In data visualization, we would try to visualize the relationship between heart disesase with each variable.

Sex

sex <- heart %>% 
  group_by(sex, target) %>% 
  summarise(count=n()) %>% 
  mutate(perc=count/sum(count))

ggplot(sex, aes(x=sex, y=count, fill=target)) + geom_col(position = "dodge") + coord_flip()+ 
  facet_wrap(~target, ncol=1,scale="fixed")+xlab("Sex") +
  ylab("Number") +
  ggtitle("Gender") +
  scale_fill_discrete(name = "Heart Disease", labels = c("Absence", "Presence")) + theme(plot.title = element_text(hjust = 0.5))

In our data, there is only 30 more male who has heart disease than female. However, there is much more healthy male than healthy female.

Age

age <- heart %>% 
  mutate(age=as.factor(age)) %>% 
  group_by(age, target) %>% 
  summarise(count=n()) %>% 
  mutate(perc=count/sum(count))

age2 <- ggplot(age, aes(x=age, y=count, fill=target)) + geom_bar(stat = "identity") + xlab("Age") + scale_x_discrete(breaks = c("30", "35","40","45","50","55","60","65","70","75","80")) +
  ylab("Number") +
  ggtitle("Age Distribution") +
  scale_fill_discrete(name = "Heart Disease", labels = c("Absence", "Presence")) + theme(plot.title = element_text(hjust = 0.5))

ggplotly(age2)

The patient in the data distributed from the age of 29 into 77. Age with the highest number with heart disease is 55.

Chest Pain

 cp <- heart %>% 
  group_by(cp, target) %>% 
  summarise(count=n()) %>% 
  mutate(perc=count/sum(count))

ggplot(cp, aes(x=cp, y=count, fill=target)) + geom_col(position = "dodge") + coord_flip() +
  ylab("Number") +
  ggtitle("Chest Pain") +
  scale_fill_discrete(name = "Heart Disease", labels = c("Absence", "Presence")) + theme(plot.title = element_text(hjust = 0.5))

Chest pain type 0 shows significant number of healthy patient compare to another types.

Resting Blood Presure

ggplot(heart, aes(x=trestbps, fill=target)) + geom_histogram(aes(y=..density..), color="grey17") +
  geom_density(alpha=.2, fill="yellow")+
  facet_wrap(~target, ncol=1,scale="fixed")+
  xlab("Resting Blood Pressure (mmHg)") + 
  ylab("Density/Count") +
  ggtitle("Resting Blood Pressure") +
  scale_fill_discrete(name = "Heart Disease", labels = c("Absence", "Presence")) + theme(plot.title = element_text(hjust = 0.5))

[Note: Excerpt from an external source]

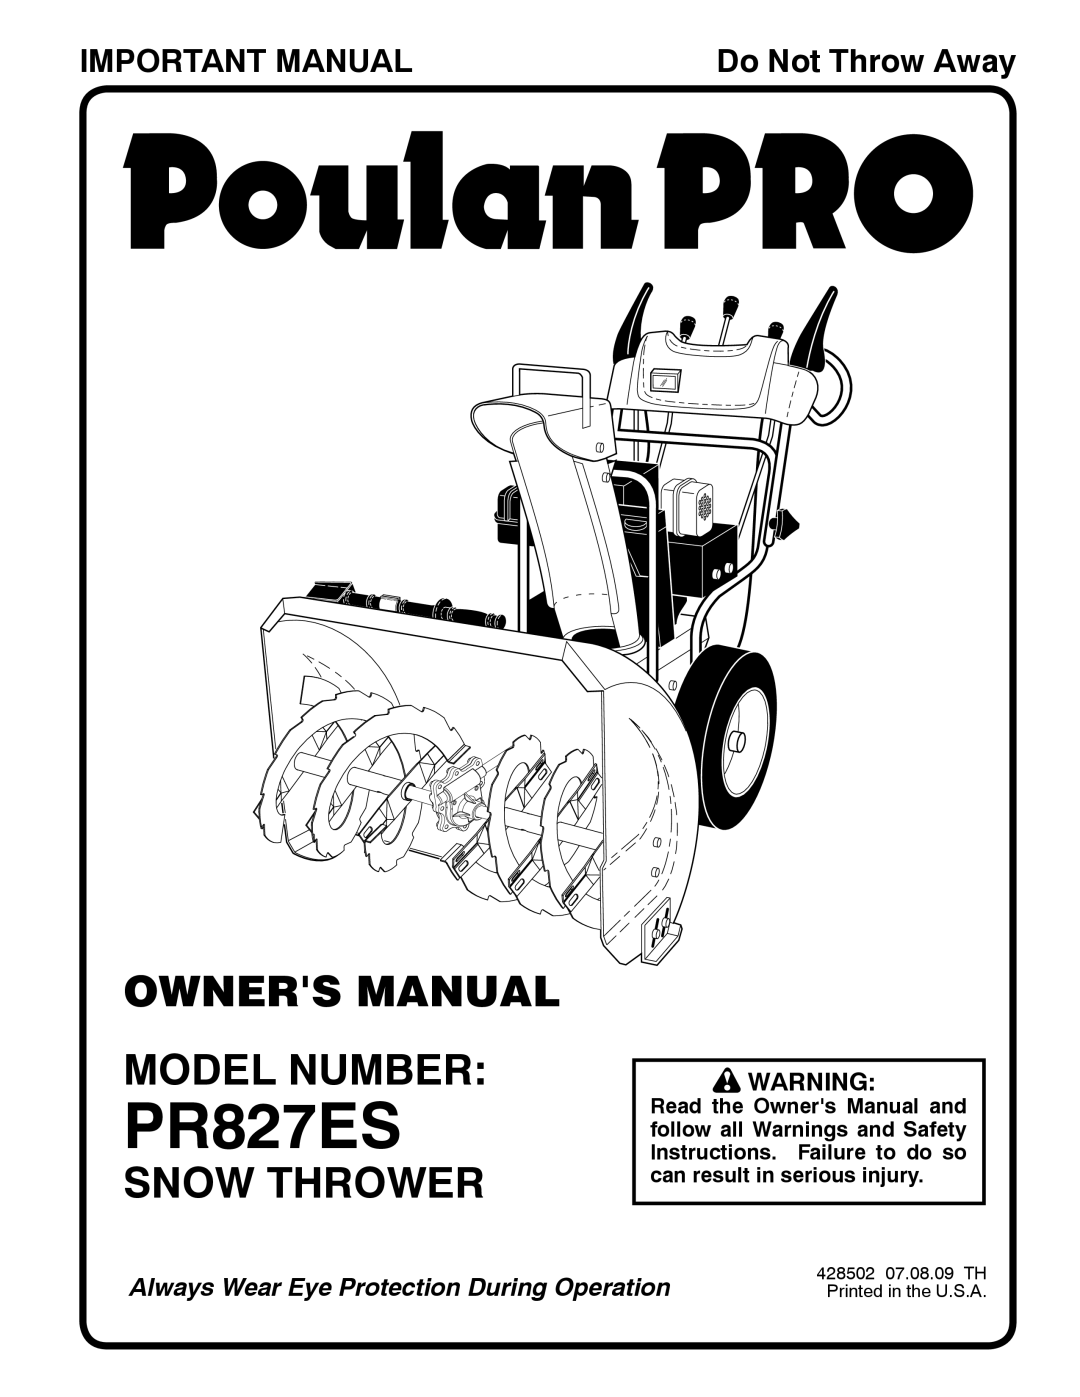 Poulan PR827ES owner manual Owners Manual Model Number, Snow Thrower, Important Manual, Do Not Throw Away 
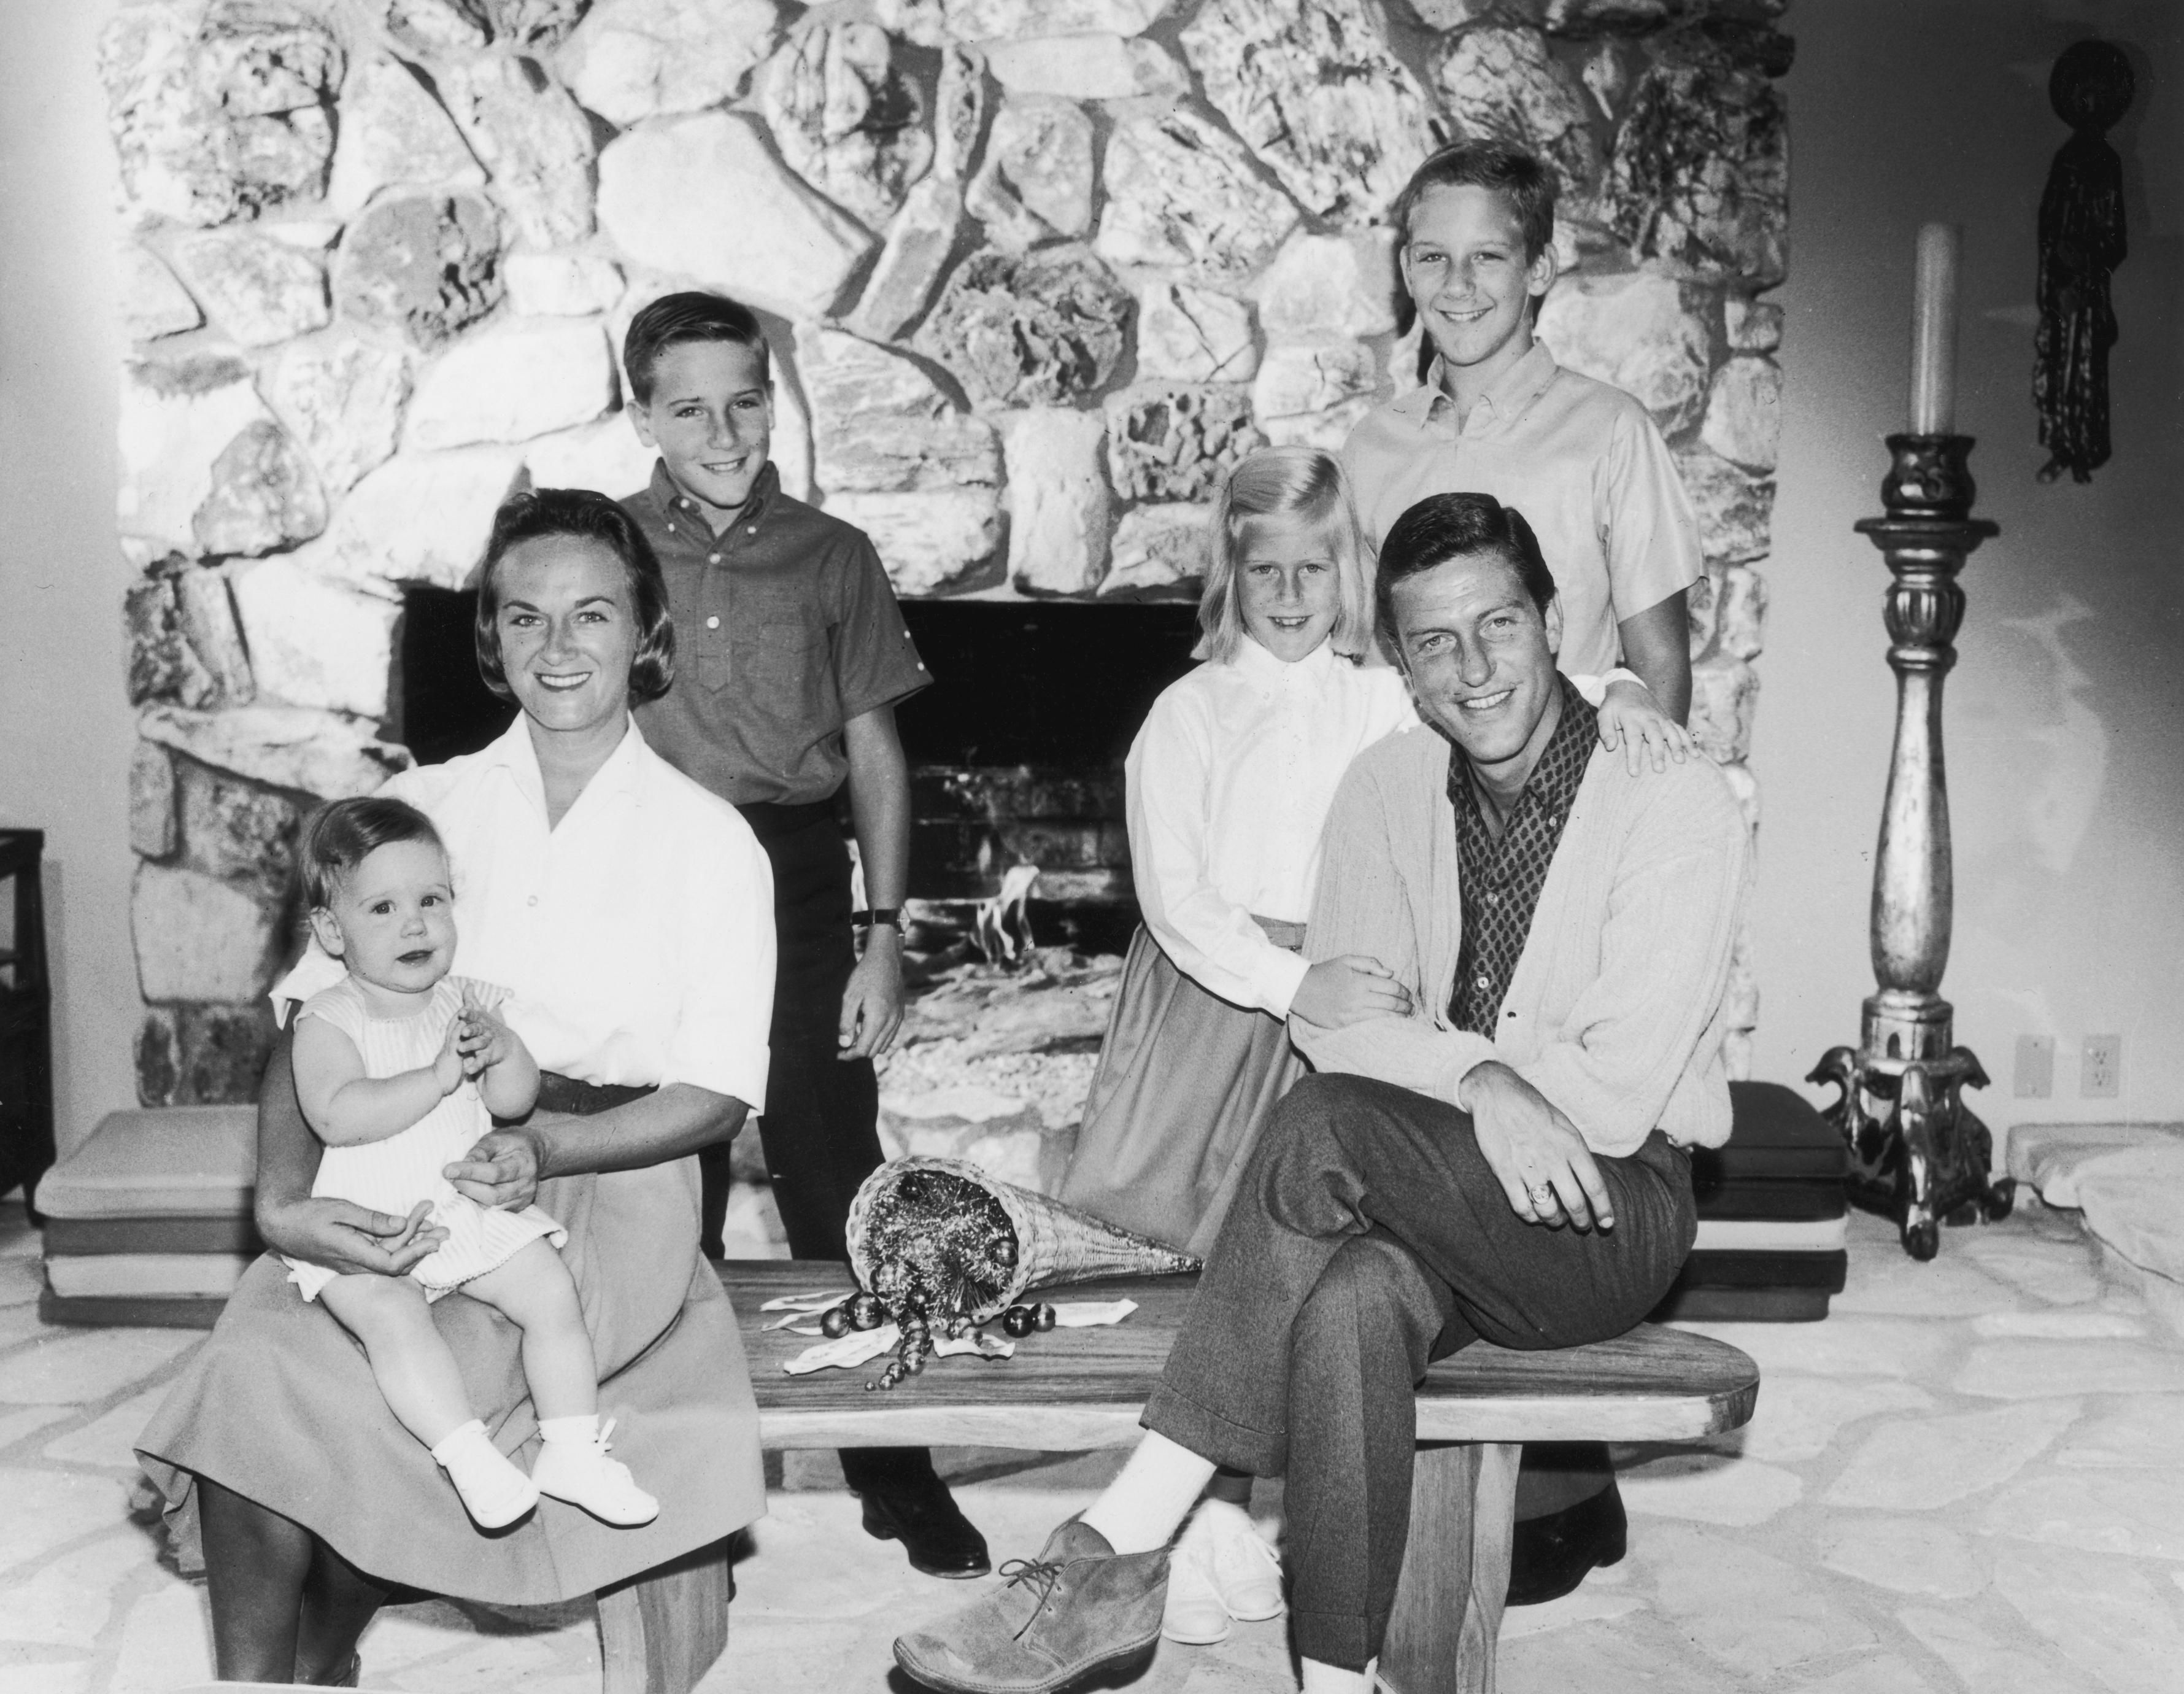 Comedian Dick Van Dyke and Margie Willet photographed with their four children, Barry, Carrie, Chris, and Stacey, on January 1, 1965 | Source: Getty Images

## `stat_bin()` using `bins = 30`. Pick better value with `binwidth`.

In heart disease patients, many of them have blood pressure of 120 - 140 mmHG, although the number is not too far off from the healthy patients.

Cholestoral

ggplot(heart, aes(x=chol, fill=target)) + geom_histogram(aes(y=..density..), color="grey17") +
  geom_density(alpha=.2, fill="yellow")+
  facet_wrap(~target, ncol=1,scale="fixed")+
  xlab("Cholesterol") + 
  ylab("Density/Count") +
  ggtitle("Serum Cholestoral (mg/dl)") +
  scale_fill_discrete(name = "Heart Disease", labels = c("Absence", "Presence")) + theme(plot.title = element_text(hjust = 0.5))

## `stat_bin()` using `bins = 30`. Pick better value with `binwidth`.

There is no significant differences between healthy and heart disease patients in their cholestoral (mg/dl).

Fasting Blood Sugar

 fbs <- heart %>% 
  group_by(fbs, target) %>% 
  summarise(count=n()) %>% 
  mutate(perc=count/sum(count))

ggplot(fbs, aes(x=fbs, y=count, fill=target)) + geom_col(position = "dodge") + coord_flip() +  xlab("fbs >120 mg/dl") +
  ylab("Number") +
  ggtitle("Fasting Blood Sugar") +
  scale_fill_discrete(name = "Heart Disease", labels = c("Absence", "Presence")) + theme(plot.title = element_text(hjust = 0.5))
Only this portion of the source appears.